To conclude, some food for thought can be drawn from this comparison.
It has first been made clear how the two crises differ in terms of origin. Contrary to the 2009 crisis, the current one is linked to a factor external to the economic system: if removed with a resolutive therapy or a vaccine, the rebound could be faster than the one observed in 2009; on the contrary, if uncertainty were prolonged, the economic fabric could be structurally damaged, especially in the services sector, pushing many companies out of the market.
There is a general consensus that the crisis will be concentrated in the first two quarters of 2020 and that the recovery will begin in the second half of the year; most of the forecasts for international trade trends in 2020 are based on this assumption.
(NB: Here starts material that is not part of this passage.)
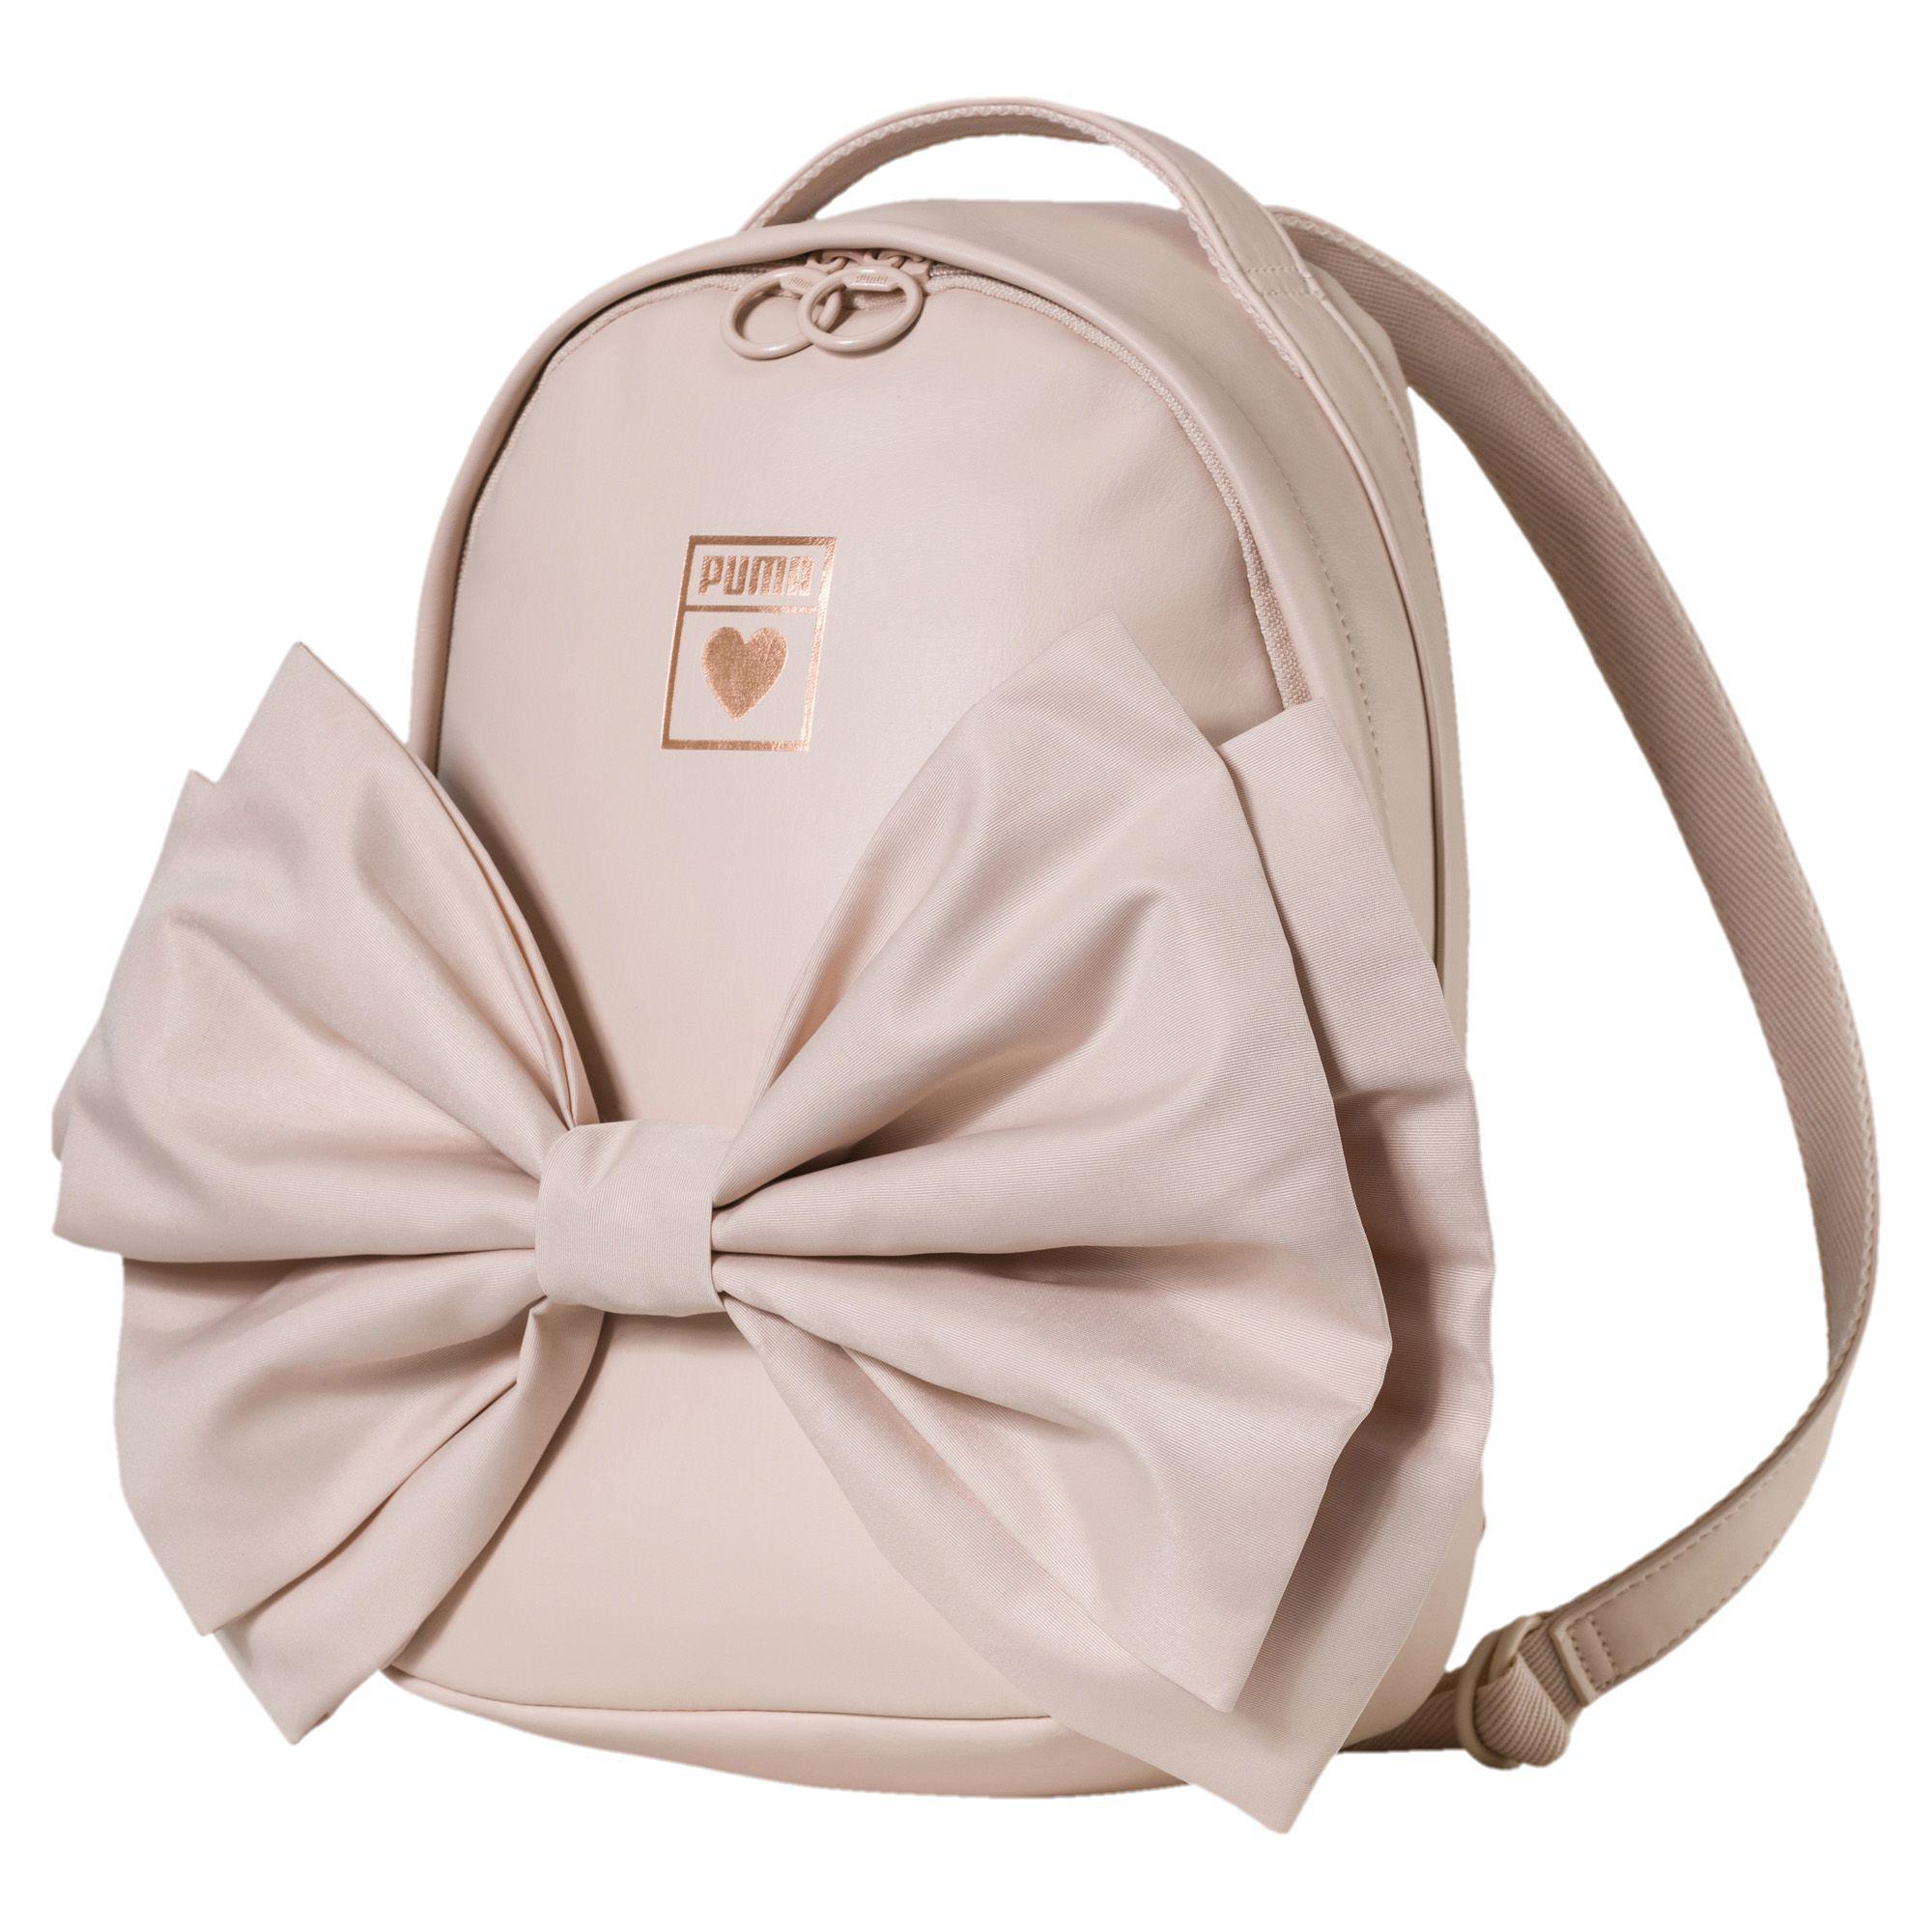 7c948af672 Lyst - PUMA Prime Archive Valentine Backpack

However, this scenario does not take into account the risk of second waves of Covid-19, which are not unlikely. Estimates of the effects of the crisis on international trade are similar to those of 2009, as both crises generated uncertainty and reduced demand. Now as then, it is therefore crucial not to erect barriers to foreign trade, which could exacerbate its contraction.
A big difference from the past that is helping countries to cope with the crisis, however, is the significant and timely action of central banks, which have engaged from the outset, in many countries around the world, in expansionary monetary policy and quantitative easing programmes. At least from this point of view, we may have learnt the lesson of the last crisis, so as not to repeat the same mistakes.